La France va fournir 15 millions d'euros de soutien budgétaire direct à l'Autorité palestinienne

 

PARIS (AP) - La France va fournir 15 millions d'euros de soutien budgétaire direct à l'Autorité palestinienne, a annoncé jeudi le ministère des Affaires étrangères, à la veille de la venue à Paris du président palestinien Mahmoud Abbas.

"Le président de la République a annoncé à Mahmoud Abbas un soutien budgétaire direct de 15 millions d'euros afin que l'Autorité palestinienne soit en mesure de faire face à ses obligations", a déclaré le Quai d'Orsay dans un communiqué.

Mahmoud Abbas sera reçu par le président Nicolas Sarkozy à l'Elysée à 17h, puis par le ministre des Affaires étrangères Bernard Kouchner à 20h.

Deux semaines après la prise de contrôle de la Bande de Gaza par le Hamas, "cette visite sera l'occasion pour les autorités françaises de réaffirmer le soutien de la France à Mahmoud Abbas, pilier des institutions démocratiques palestiniennes, ainsi qu'au gouvernement dirigé par Salam Fayyad", souligne-t-on.

"Dans un contexte particulièrement grave, nous exprimons notre appui aux efforts que déploie le président Abbas pour trouver une solution politique à la crise et à sa volonté de préserver l'unité du peuple palestinien", poursuit le ministère.

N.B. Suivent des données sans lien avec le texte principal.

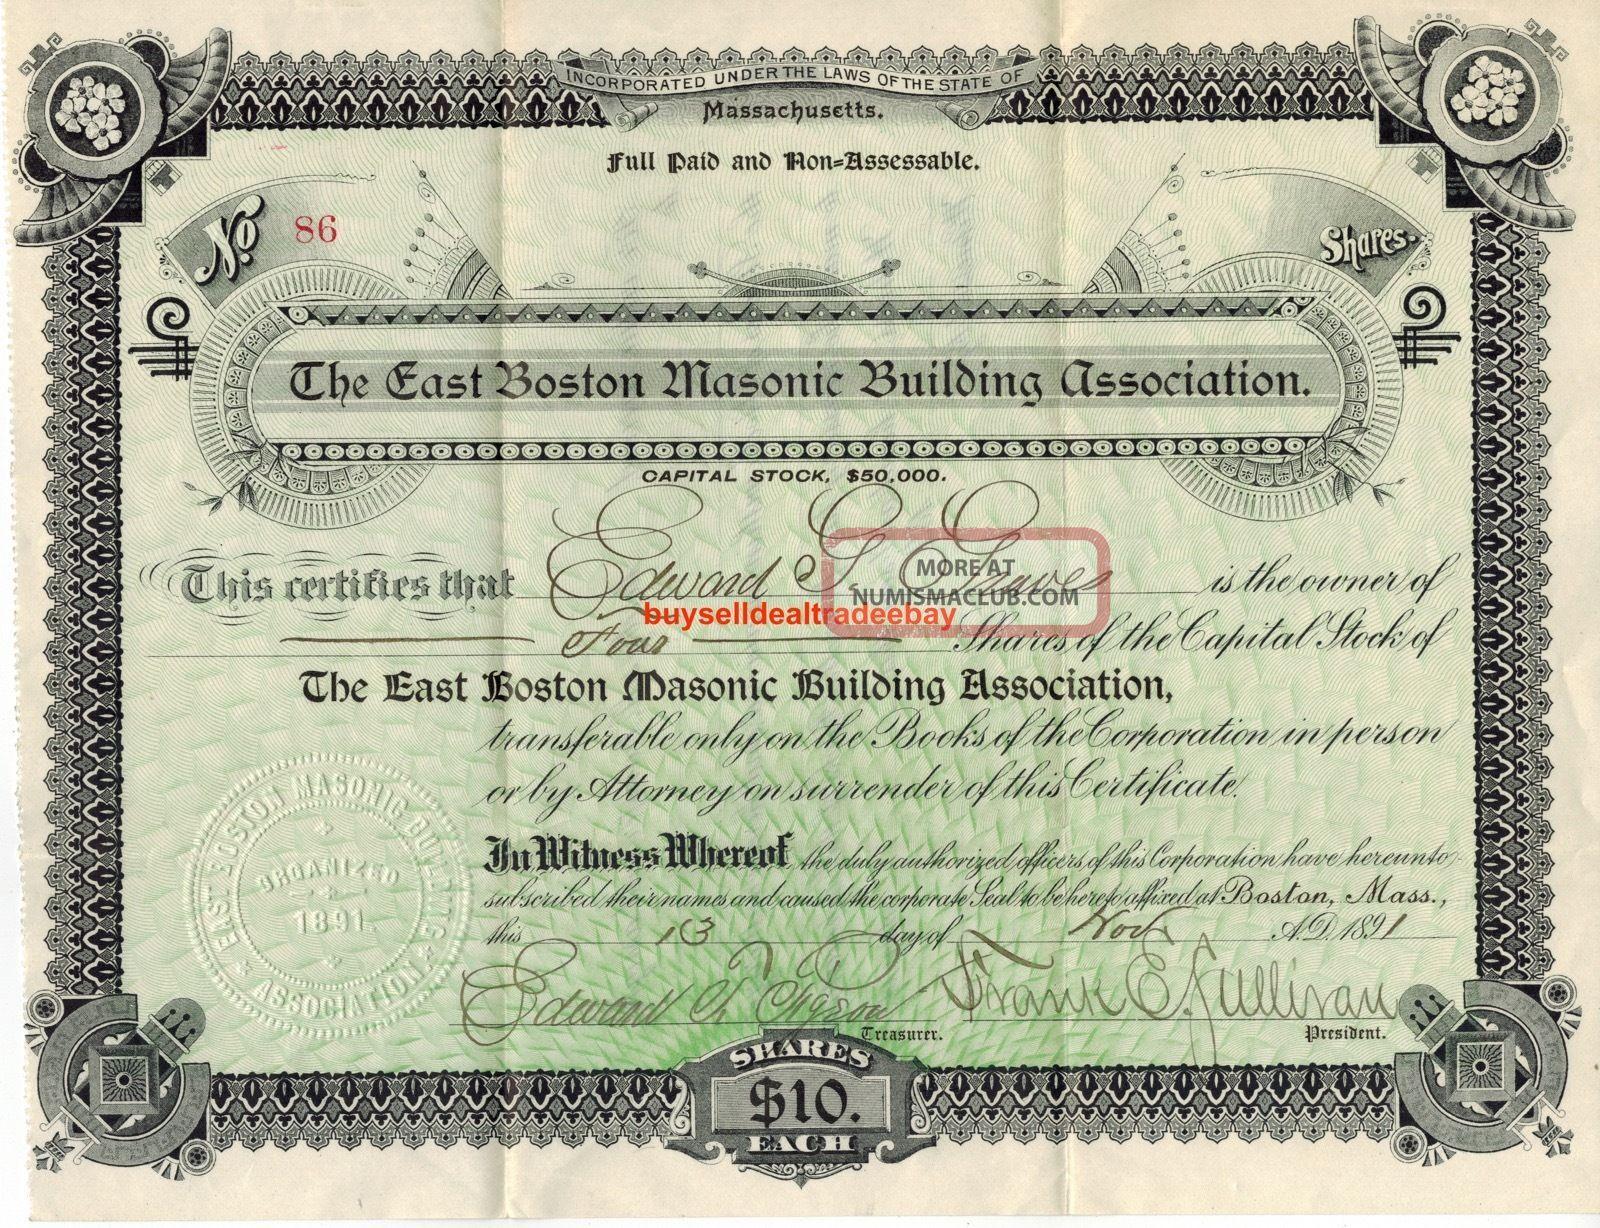 1891 East Boston Masonic Building Association Bond Stock Certificate Shares Rare Stocks & Bonds, Scripophily photo
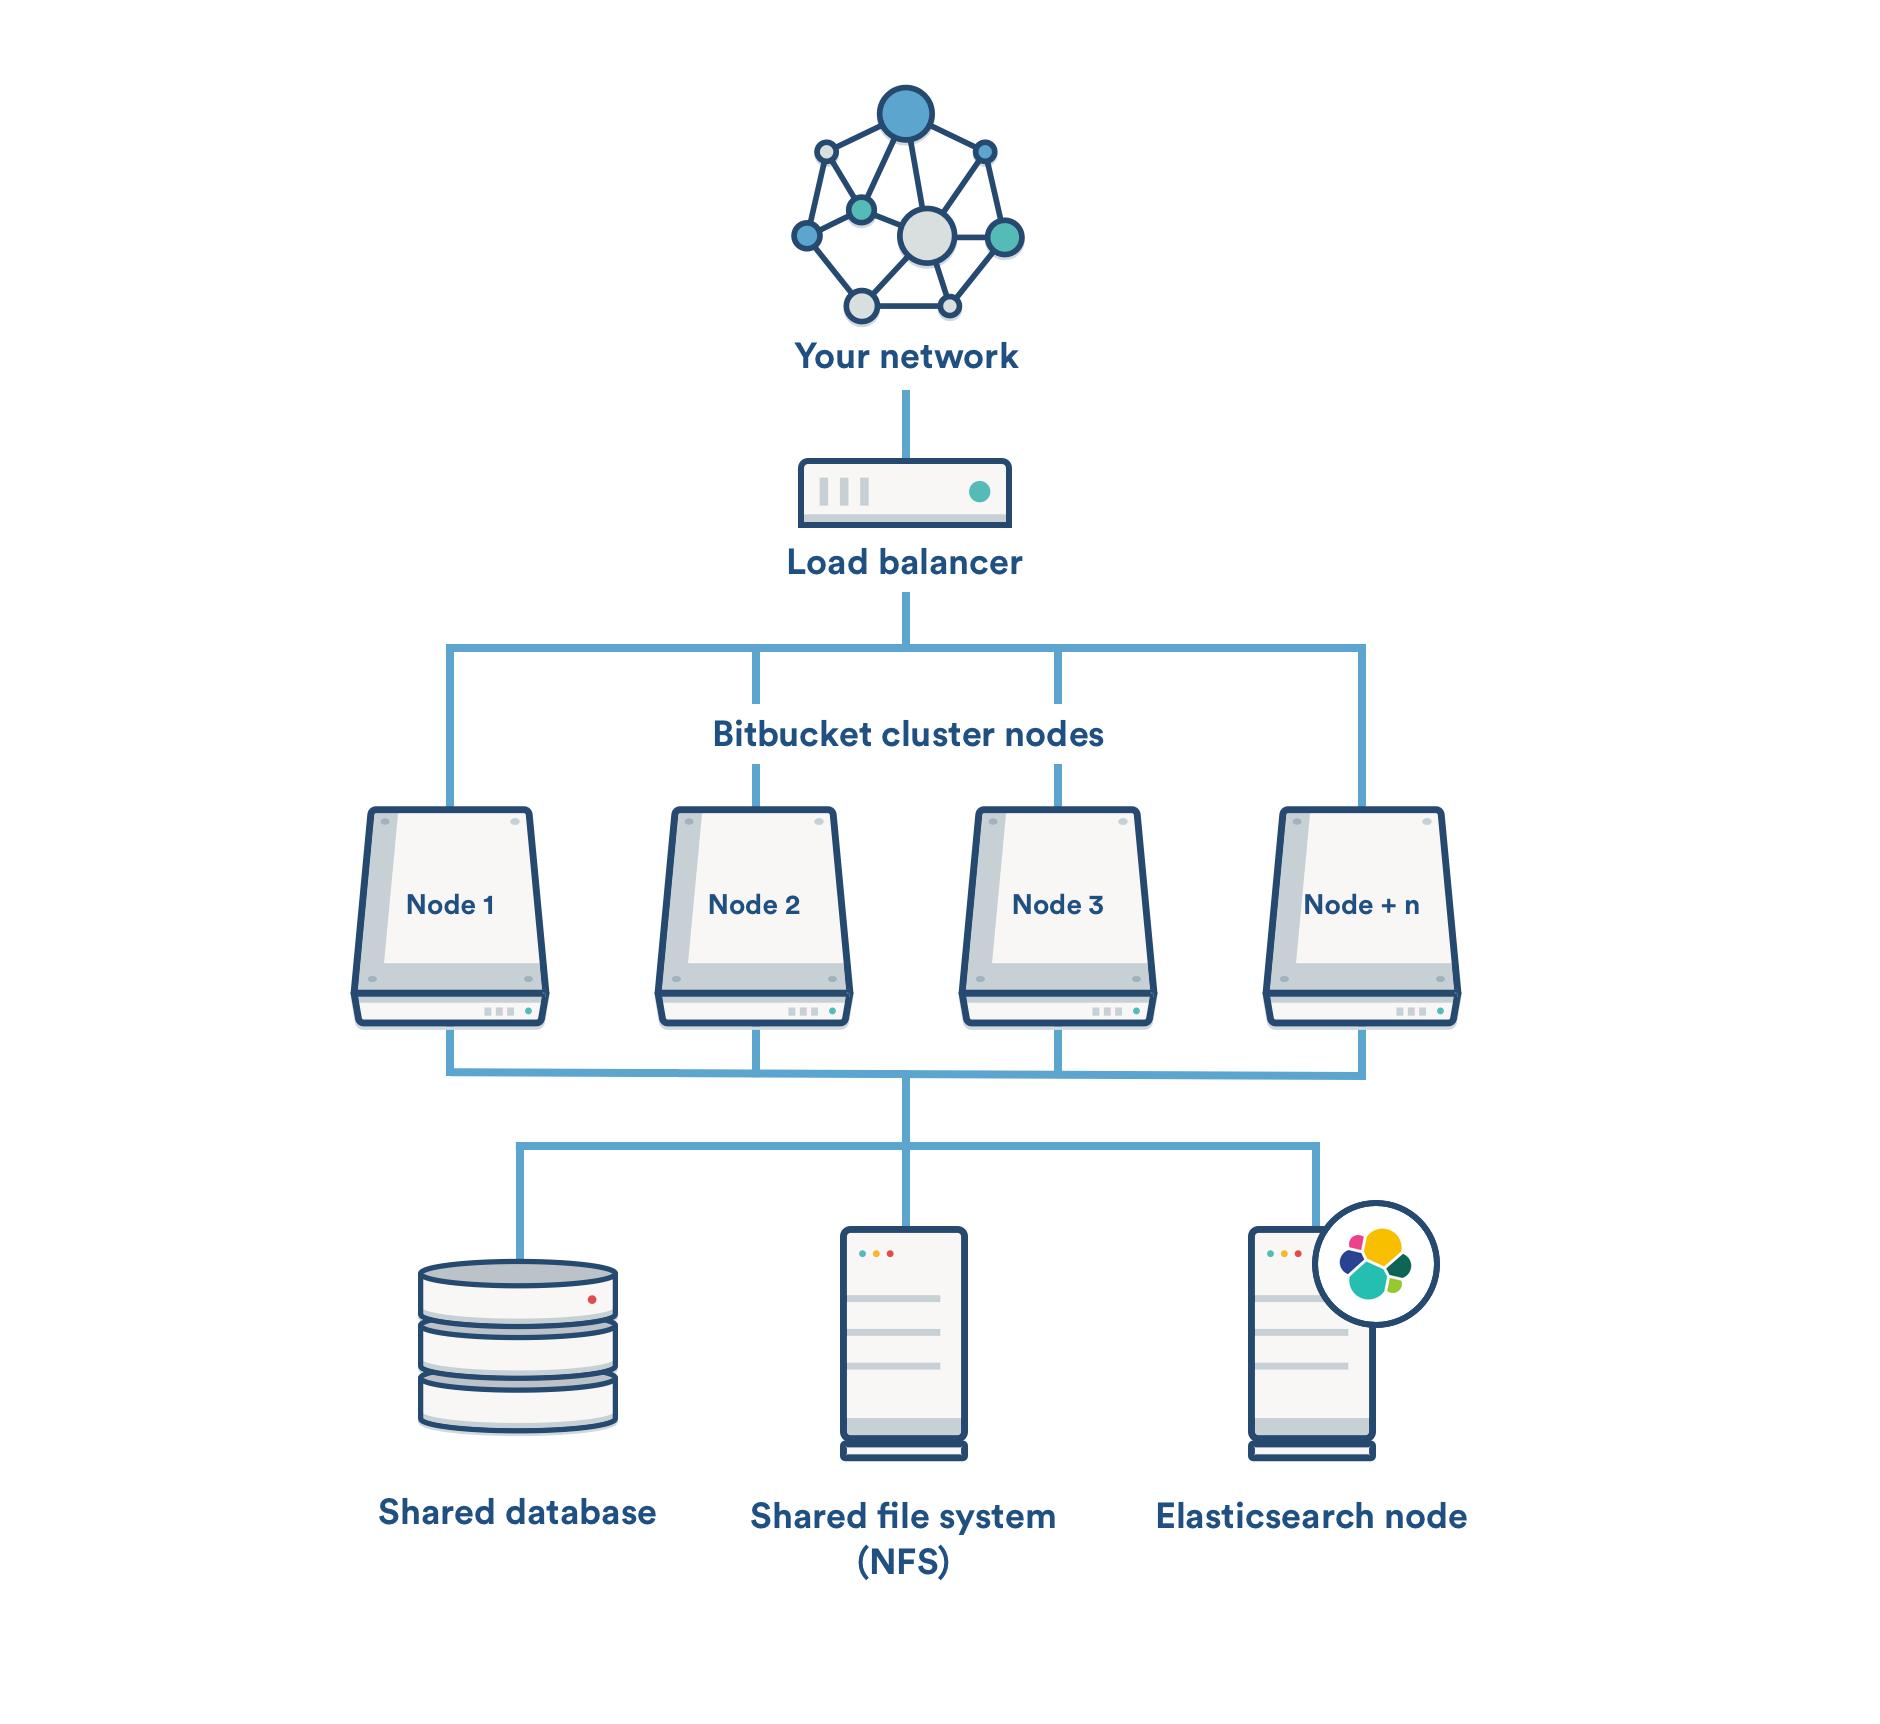 Use an Elasticsearch cluster with Bitbucket Data Center - Atlassian

Le 4 juillet, Nicolas Sarkozy recevra le roi Abdallah II de Jordanie à 12h30 pour un entretien suivi d'un déjeuner de travail, a annoncé le porte-parole du président, David Martinon. Le même jour, M. Sarkozy recevra la ministre israélienne des Affaires étrangères Tzipi Livni à 16h.

Alors qu'on lui demandait si Nicolas Sarkozy avait l'intention de prendre une initiative au Proche-Orient, David Martinon a simplement assuré que "s'il peut être utile, il fera tout ce qu'il pourra pour l'être".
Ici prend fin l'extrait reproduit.